Ms. Berg, who heads the Pension and Welfare Benefits Administration, said the decision has hurt the Labor Department's ability to litigate cases against non-fiduciaries. Four cases litigated by the DOL lost the non-fiduciary issue because of the Mertens decision, a PWBA spokeswoman said.
But Ian Lanoff, former Department of Labor ERISA administrator, said that although he does not agree with the Supreme Court decision, it hasn't made much difference in service provider practices.
What may happen is that this field will be left to the larger accounting firms, law firms, and other non-fiduciaries, Mr. Lanoff said.
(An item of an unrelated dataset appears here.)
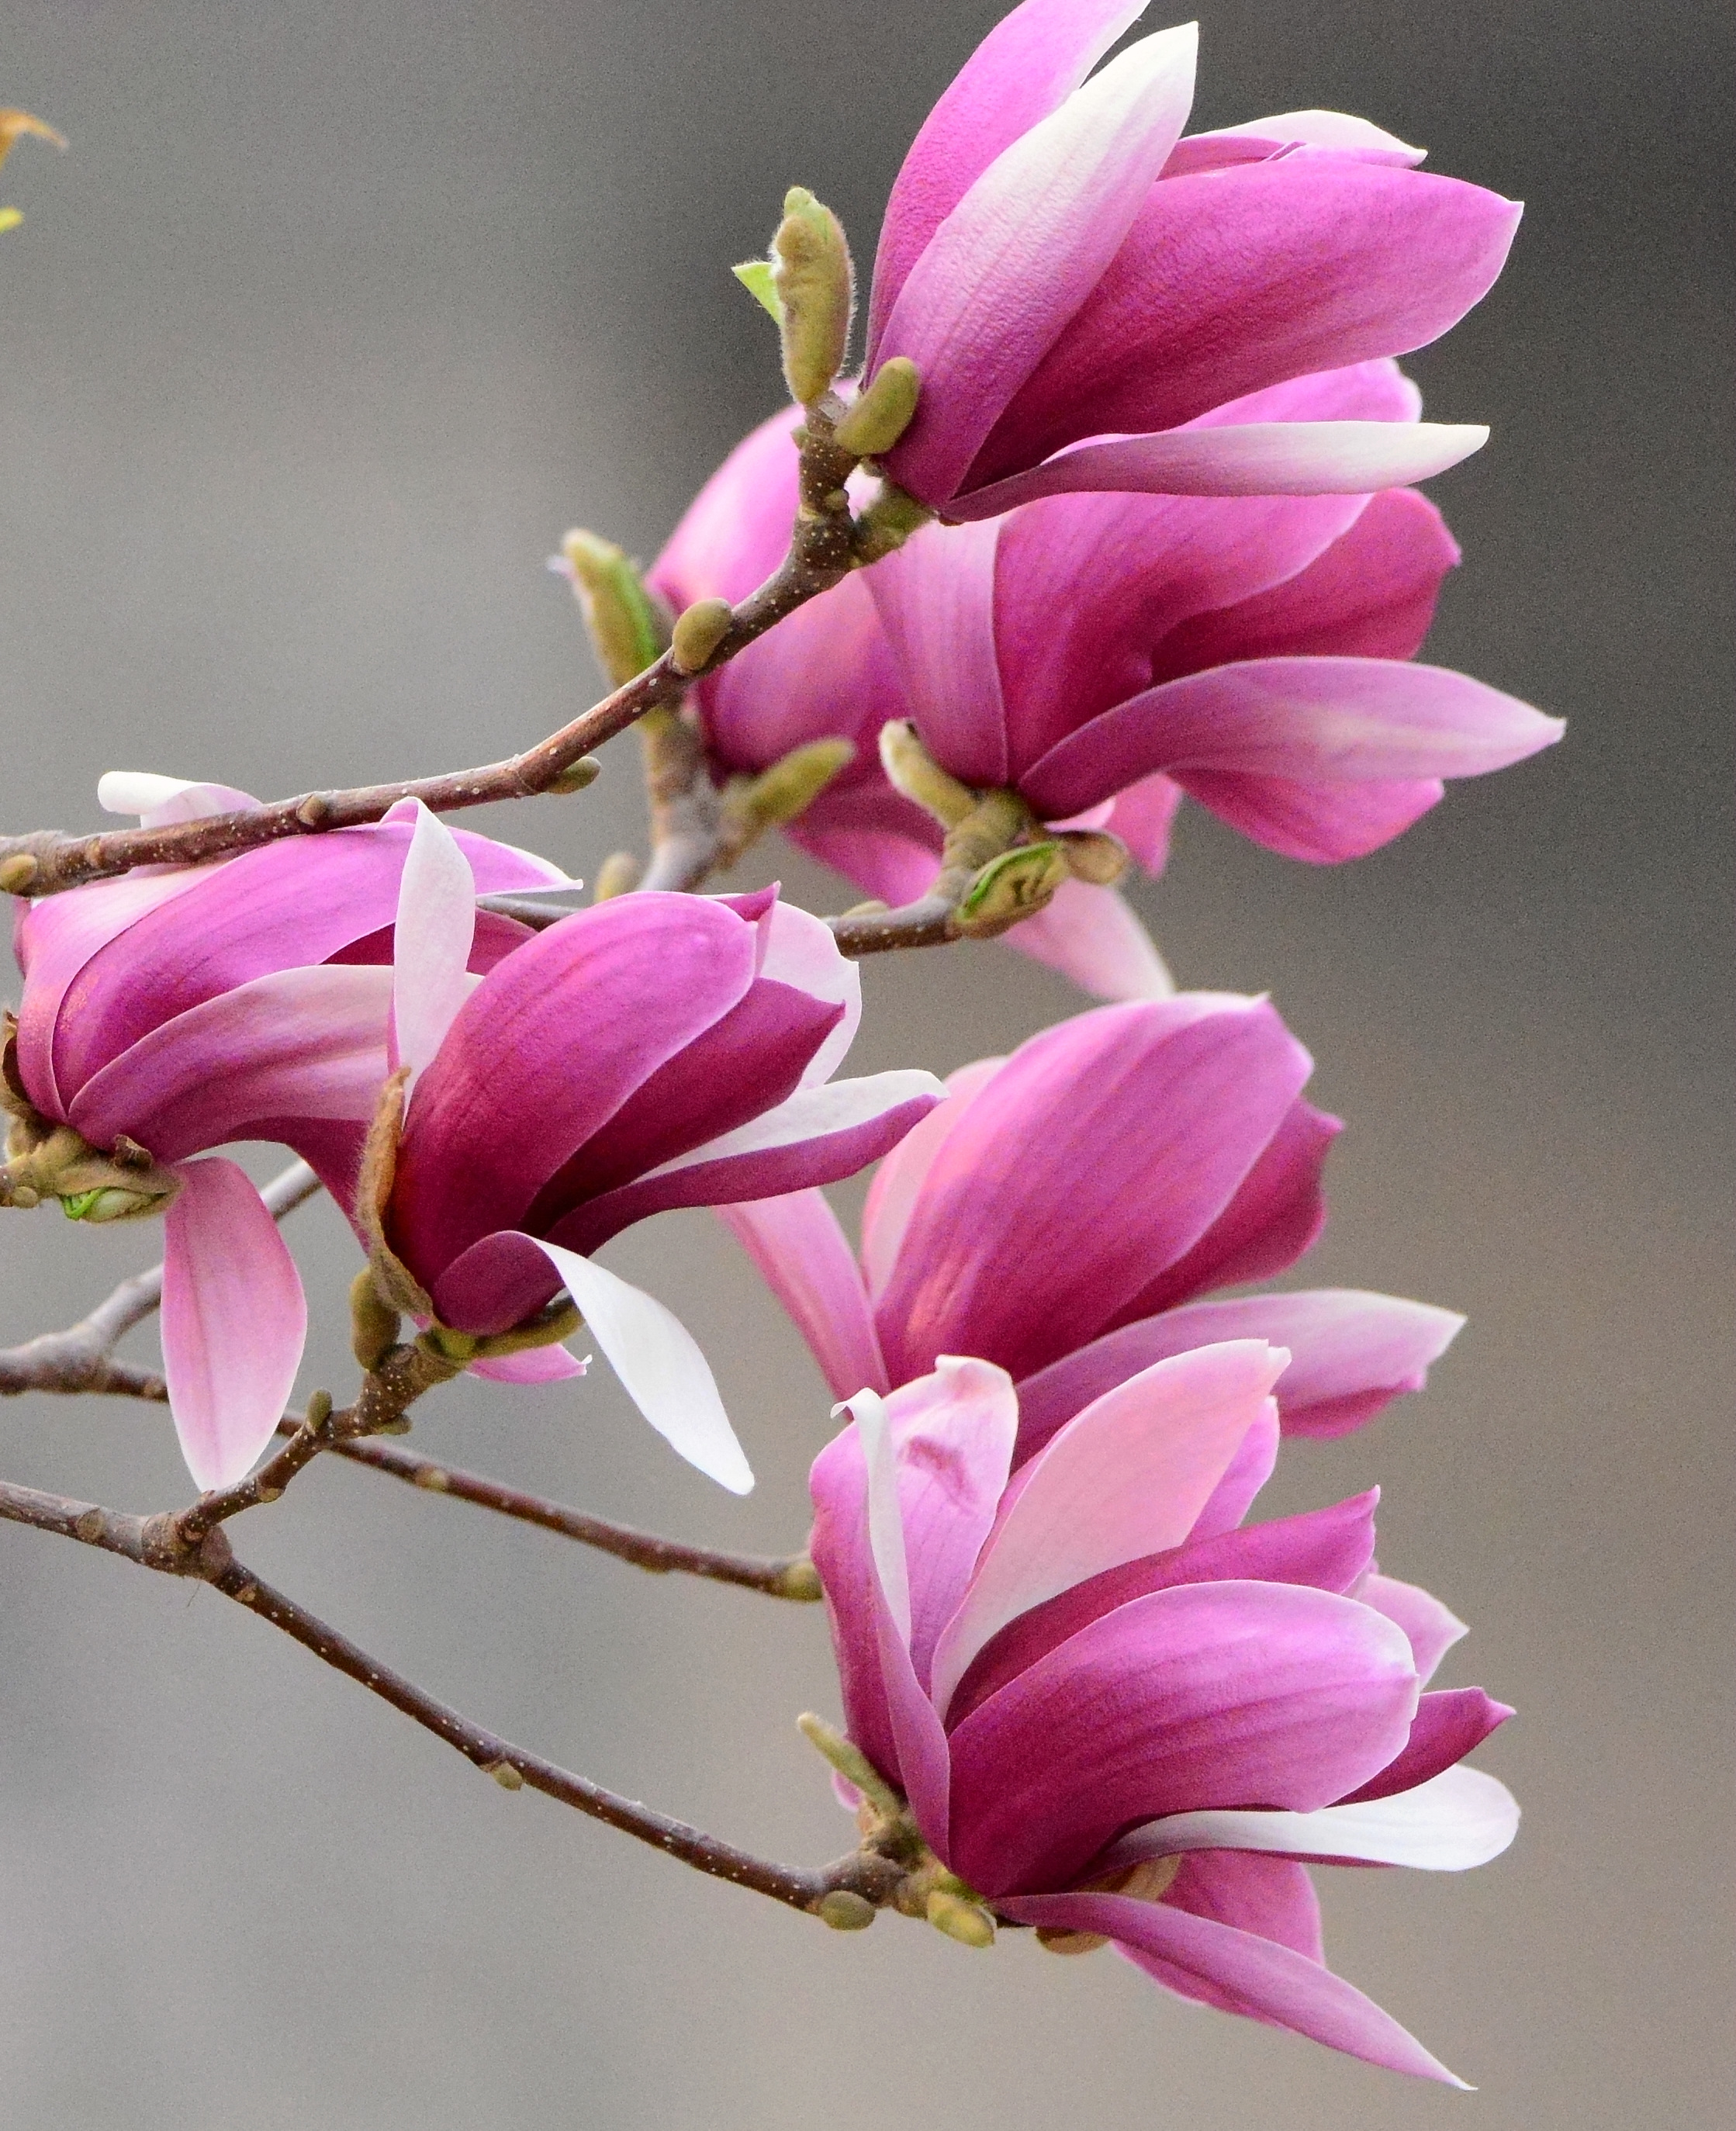 紫玉兰说到樱花大家是不是都会想到日本樱花,没错,樱花是属于日本的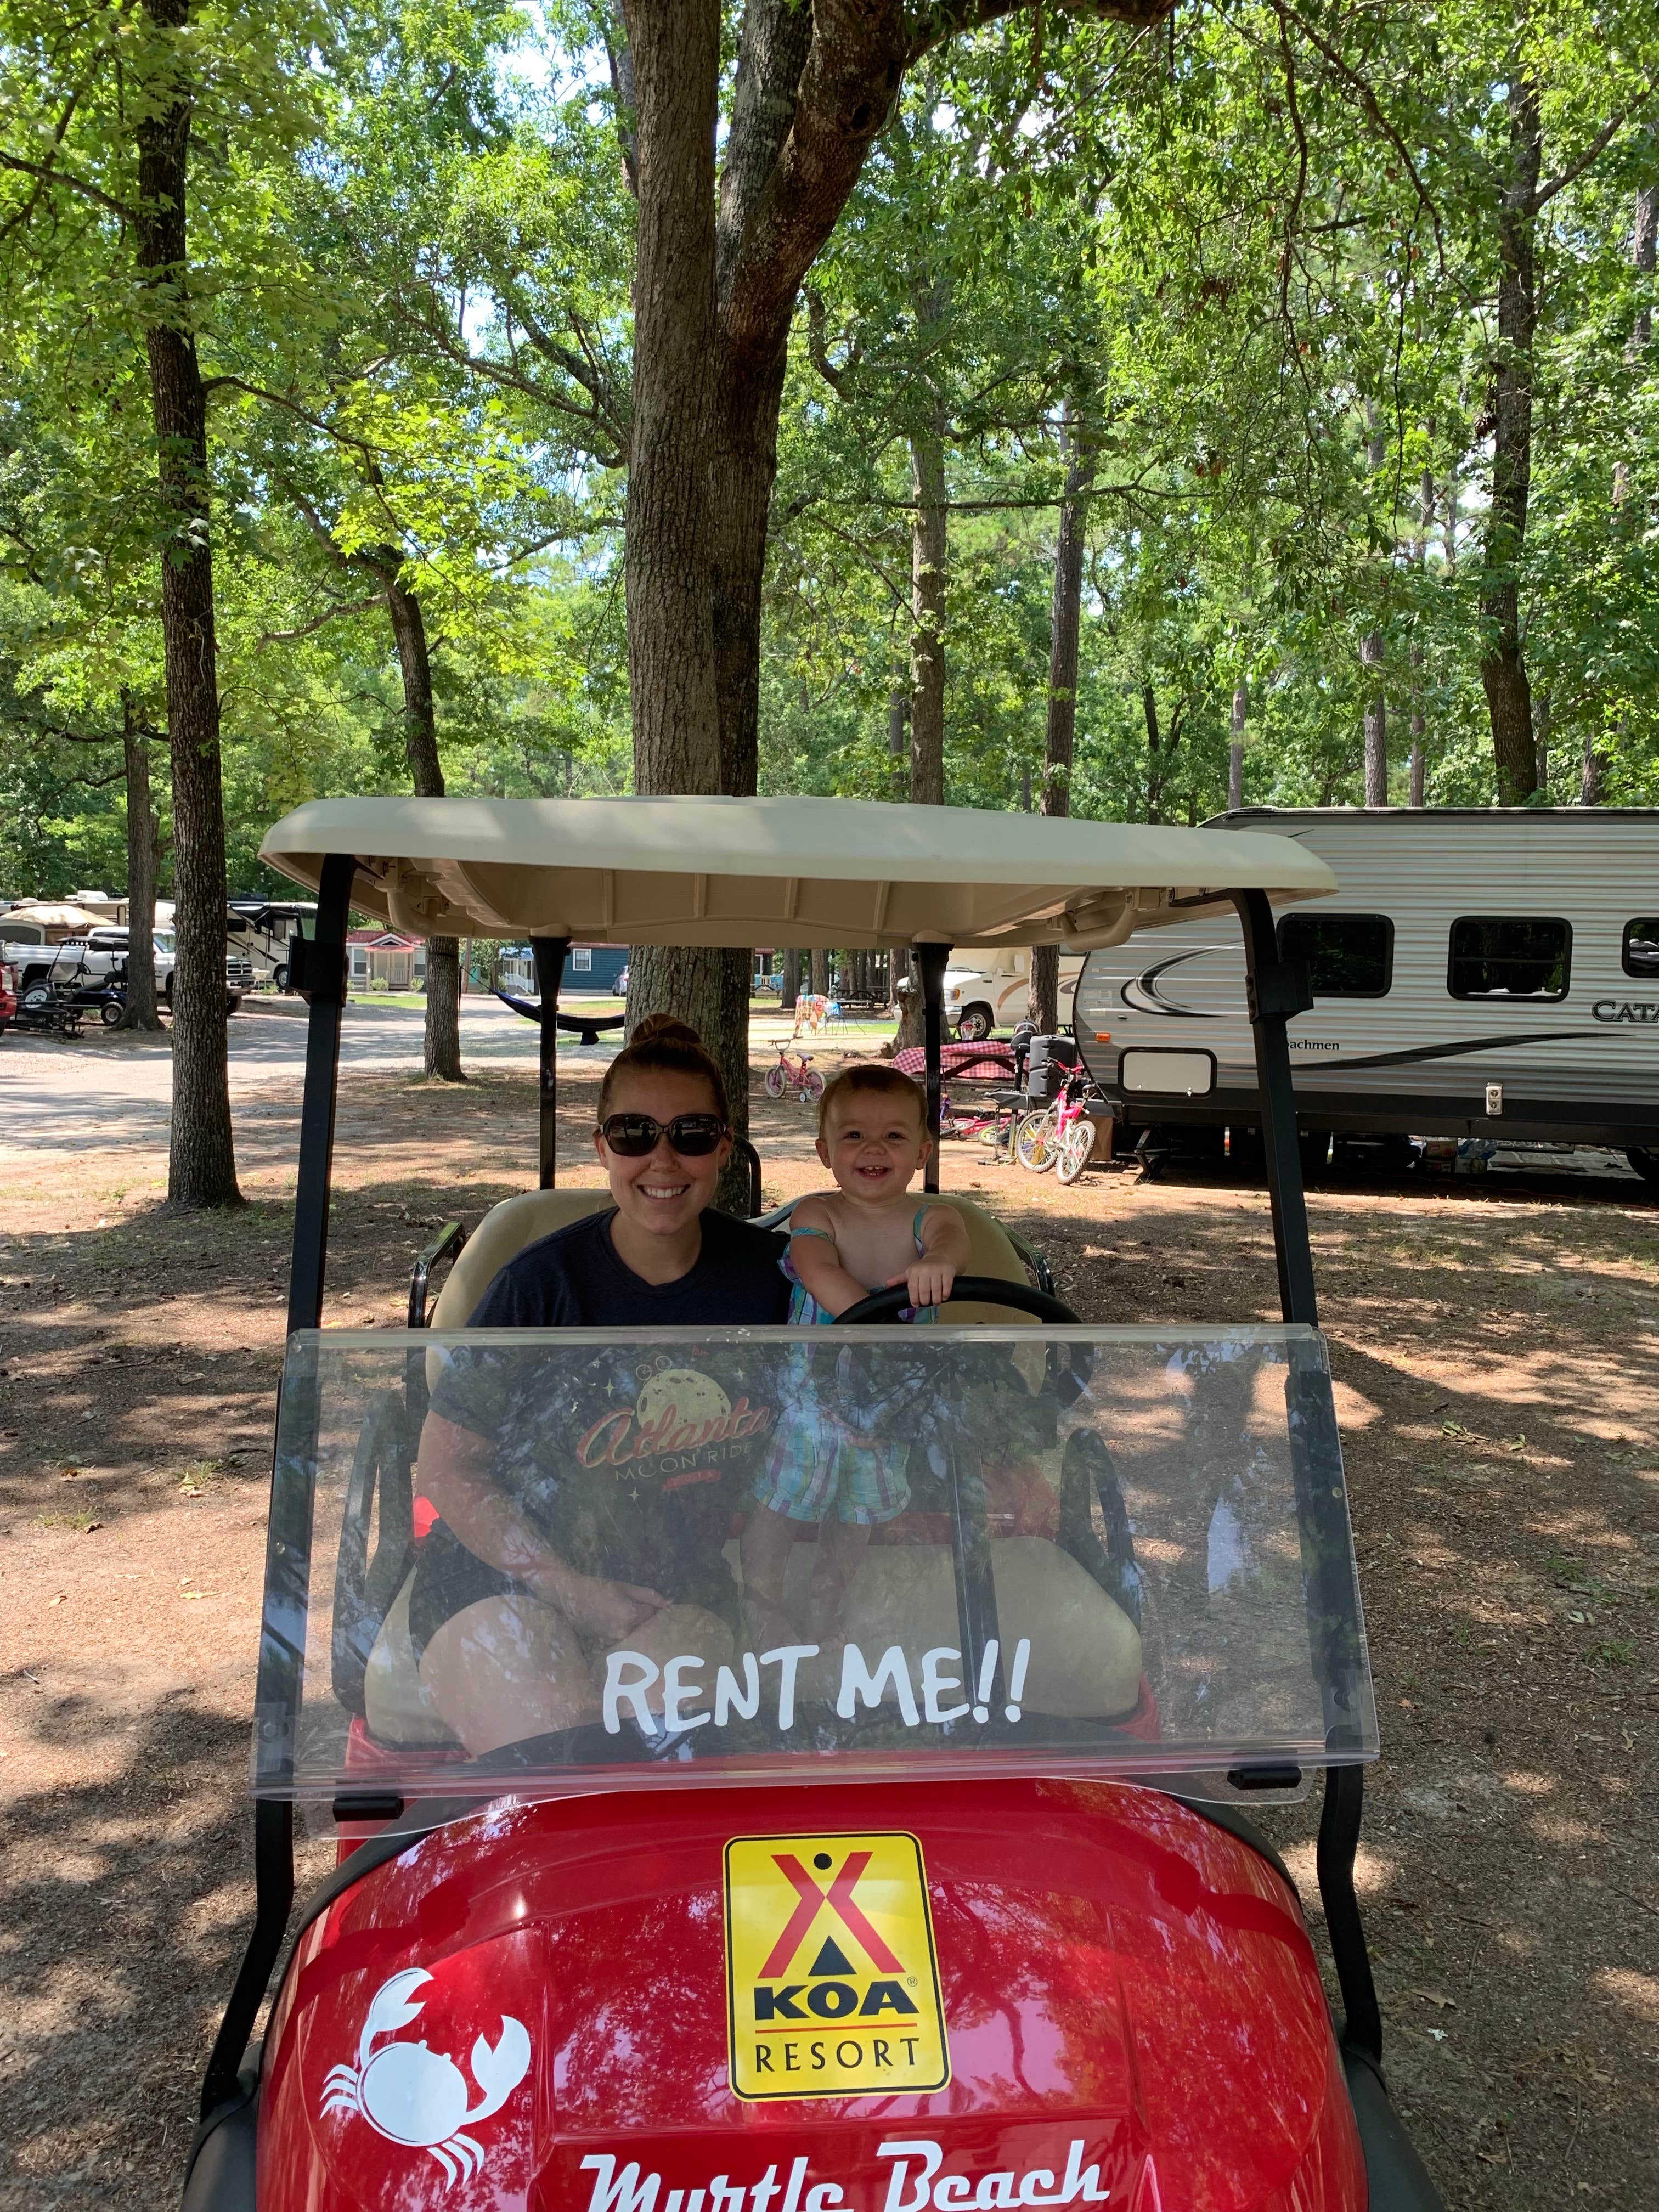 Rental golf cart

"Service providers are always looking for protections," he said. "They are more comfortable if they are not held liable."
After the decision, Sen. Howard Metzenbaum nearly introduced an amendment to last year's budget bill that would have increased potential liabilities on service providers.
But Ms. Berg said she would like the law returned to its original state, where Title I, which covers fiduciary issues, would be read as a broad remedial statute. She said that she hopes the issue will be addressed next session after health care reform is decided.
"ERISA has tried to craft a balance between the needs for plan sponsors so that they will be protected from frivolous lawsuits and having everything end up in litigation," Ms. Berg said. "On the other hand, the whole purpose of ERISA was to ensure to plan participants that promises made to them are kept. And I think that some of the recent court decisions have eroded that balance.
"There are people that argue that yes there are other statutes, fraud, malpractice and other laws, but they don't cover all the cases," she said. "And we, the Department of Labor, can't go into state court with a lot of those cases. So in my view, an important protection for participants is eroding."